What You Don’t Know About Vitamin B12 Can Hurt You

An interview with Dr. John Dommisse (November 2005)

Unfortunately I didn’t know about Dr. John Dommisse until I began preparing to attend the Weston A. Price Conference in November 2005. When I went to his website, JohnDommisseMD.com, what I found astonished me. Was it really possible that Alzheimer’s and other mental illnesses could really be a vitamin deficiency? Could chronic pain really be treated effectively? Was it actually possible to rebuild cartilage in arthritis sufferers? I wrote him asking for an interview, and he very kindly made time for me at the conference, on November 11, 2005. I took my grown son and daughter, Justin and Liberty, along with me and they got a little peeved with me for stopping so soon. They said they could have kept on listening all night. Truth to tell, I could have, too.
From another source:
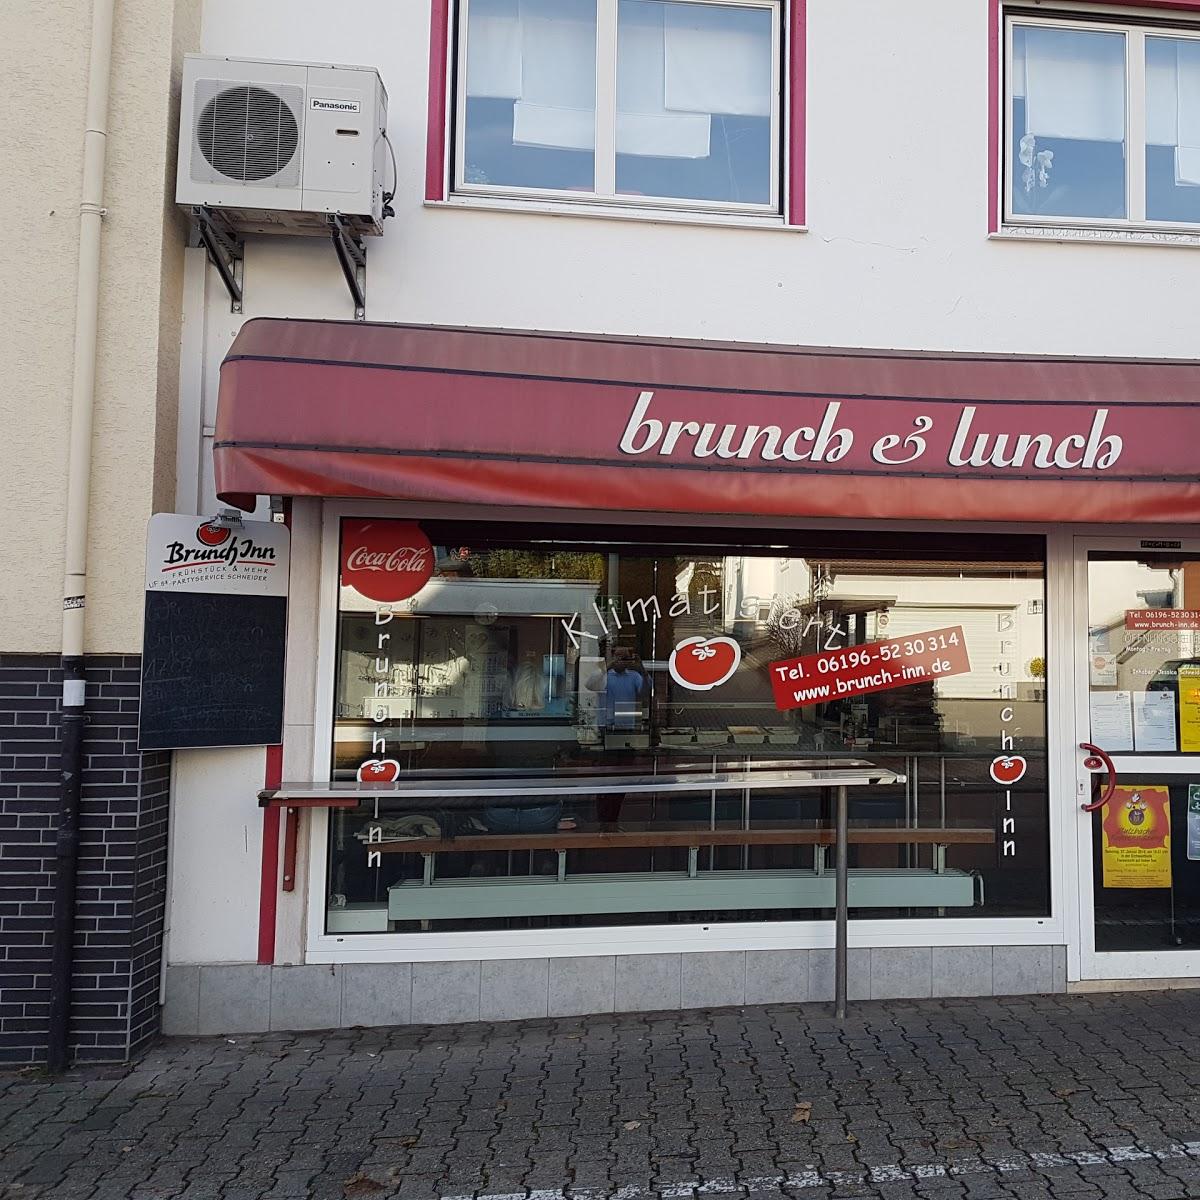 Restaurant "Brunch Inn" in Sulzbach (Taunus)

John Vlok Dommisse, MD, MBChB, FRCP(C) received his medical training at the University of Cape Town Medical School (home of the world's first human heart transplant). He completed specialty training in psychiatry at the University of Toronto's prestigious Clarke Institute of Psychiatry (where he became deputy chief resident) and other teaching hospitals. He has Canadian board certification in psychiatry, recognized in Arizona and other states. Dr. Dommisse spent one year on faculty at the University of Toronto, then 18 years in hospital and private practice in Portsmouth, Virginia. There he studied nutritional and metabolic medicine through literature searches of the medical journal databank of the National Library of Medicine. He now practices Nutritional and Metabolic TeleMedicine, as well as local, in-person medicine, in Tucson, Arizona. His address is 1840 East River Road, Suite 210, Tucson, Arizona  85718-5892. His phone number is (520) 577-1940 and fax is 520-577-1743.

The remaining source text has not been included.